_Dataset records_
-- Opening Marker --

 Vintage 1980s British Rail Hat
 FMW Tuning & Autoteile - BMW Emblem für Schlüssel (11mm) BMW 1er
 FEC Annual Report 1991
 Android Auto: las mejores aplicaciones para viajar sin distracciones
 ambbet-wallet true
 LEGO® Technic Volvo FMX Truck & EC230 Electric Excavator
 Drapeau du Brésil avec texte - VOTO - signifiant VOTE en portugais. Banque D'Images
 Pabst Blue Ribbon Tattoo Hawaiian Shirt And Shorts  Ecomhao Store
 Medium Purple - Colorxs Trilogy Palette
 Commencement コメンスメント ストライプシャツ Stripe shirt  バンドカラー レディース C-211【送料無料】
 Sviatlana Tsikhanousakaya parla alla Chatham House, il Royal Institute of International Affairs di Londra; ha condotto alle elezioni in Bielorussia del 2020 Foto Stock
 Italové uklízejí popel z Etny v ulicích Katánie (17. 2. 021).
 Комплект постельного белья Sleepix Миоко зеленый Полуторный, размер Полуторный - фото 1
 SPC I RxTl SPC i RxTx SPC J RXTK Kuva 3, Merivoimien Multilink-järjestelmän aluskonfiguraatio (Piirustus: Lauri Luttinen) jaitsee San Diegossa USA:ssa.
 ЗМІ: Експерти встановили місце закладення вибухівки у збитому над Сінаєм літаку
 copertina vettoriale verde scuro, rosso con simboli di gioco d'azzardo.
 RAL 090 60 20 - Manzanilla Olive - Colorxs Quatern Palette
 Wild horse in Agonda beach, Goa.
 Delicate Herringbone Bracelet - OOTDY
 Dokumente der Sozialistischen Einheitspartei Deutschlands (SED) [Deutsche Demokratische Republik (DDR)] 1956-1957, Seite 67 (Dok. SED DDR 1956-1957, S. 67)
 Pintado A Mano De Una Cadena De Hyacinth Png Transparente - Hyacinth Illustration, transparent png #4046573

-- Closing Marker --

Whenever a line in the records contains the word "Palette", copy that line.

_OUTPUT BELOW_
 Medium Purple - Colorxs Trilogy Palette
 RAL 090 60 20 - Manzanilla Olive - Colorxs Quatern Palette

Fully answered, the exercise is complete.